We are, as Abraham Lincoln told Congress in December 1862, a nation that “cannot escape history” because we are the last best hope of earth.” The president said that his administration and Congress held the “power and . . . responsibility” to ensure that the hope America promised would be fulfilled. Today, 130 years later… We cannot lead without our armed forces. Economic power is essential; political and diplomatic skills are needed; the power of our beliefs and our values is fundamental to any success we might achieve; but the presence of our arms to buttress these other elements of our power is as critical to us as the freedom we so adore. Our arms must be second to none.

Today America eulogized a man who believed deeply that America has, on balance, been a force for good in the world—both within and outside her borders. This belief sustained Powell through many of the calamities that have threatened our nation.
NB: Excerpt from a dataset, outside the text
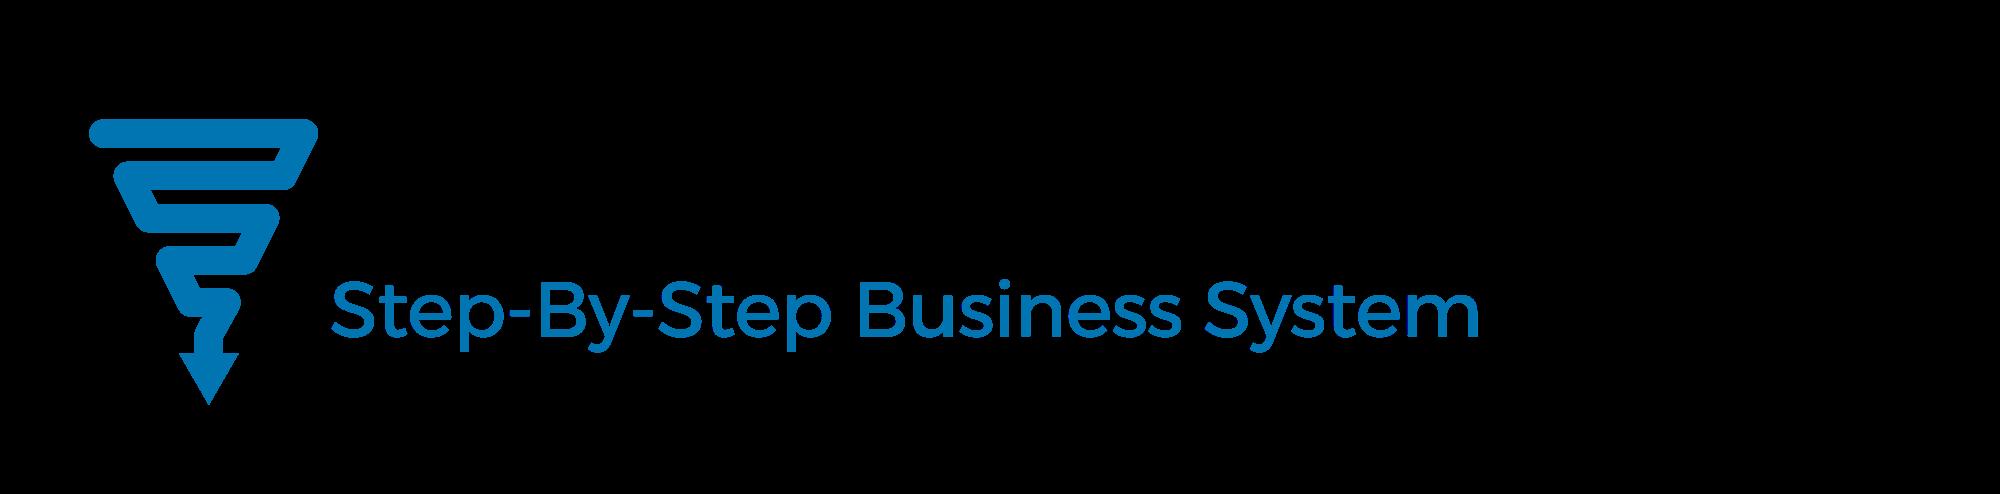 Sales Funnel Blueprint-logo (1).png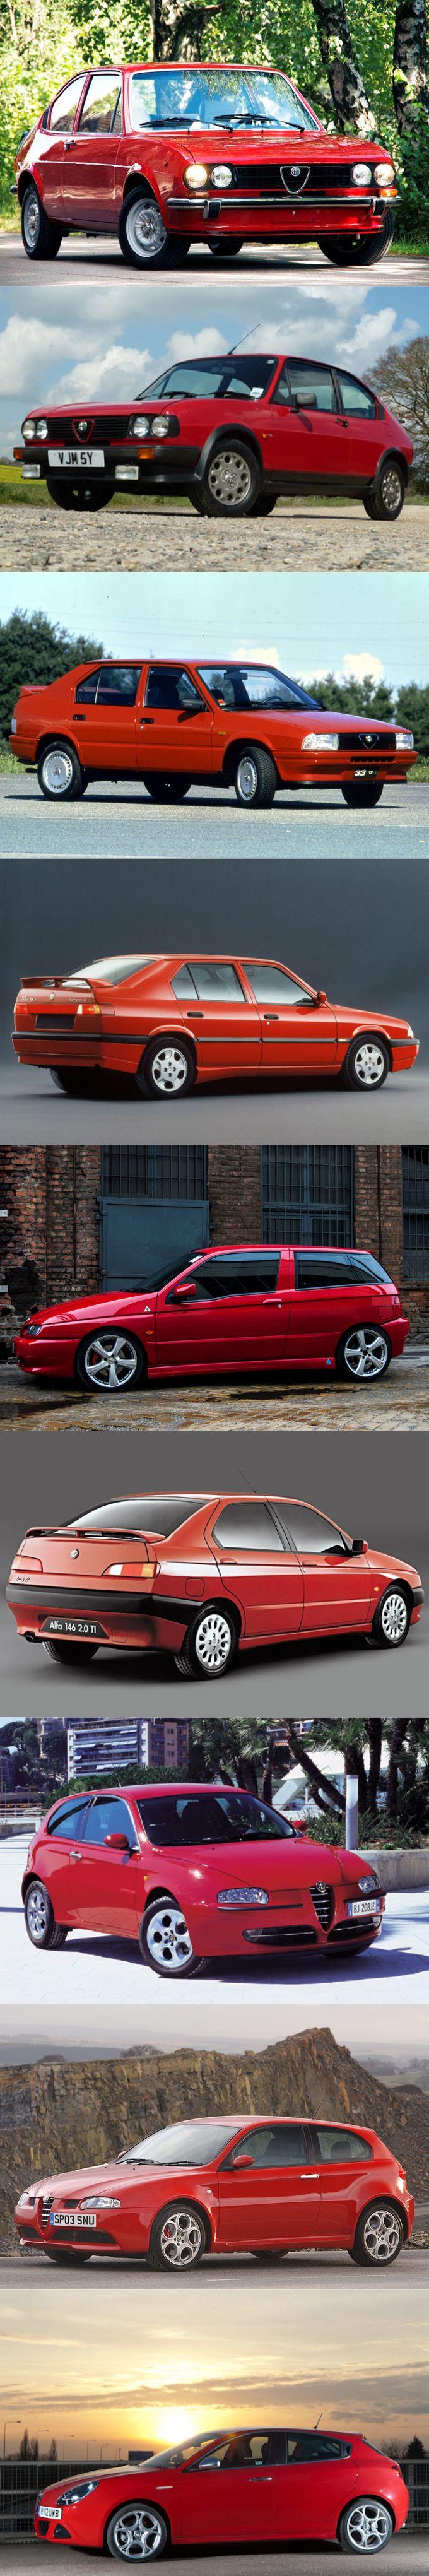 Alfa Romeo compact car / 1971 Alfasud / 1980 Alfasud facelift / 1983 33 / 1990 33 facelift / 1994 145 / 1995 146 / 2000 147 / 2004 147 facelift / 2010 Giulietta / Italy / red / GTA

Taken together, I fear that two of Powell’s deepest commitments are under threat. Too many of us, including too many Christians, no longer believe that America is a force for good. And too many of us, including too many Christians, no longer believe that force—let alone the overpowering and decisive force necessary to lick our enemies and win victory—can also be a force for good, or the form that love might take in the last resort when nothing else will protect the sufficiently threatened innocent, requite a sufficiently grave injustice, or punish a sufficiently grave evil.

It was asked at today’s memorial service whether America still makes men like Powell. While I think the last twenty years have proved—decisively even—that we do, it will always remain an important question for us to ask. For the day we stop making men and women like Powell will be the day that America will have lost the capacity not just for greatness but for goodness as well.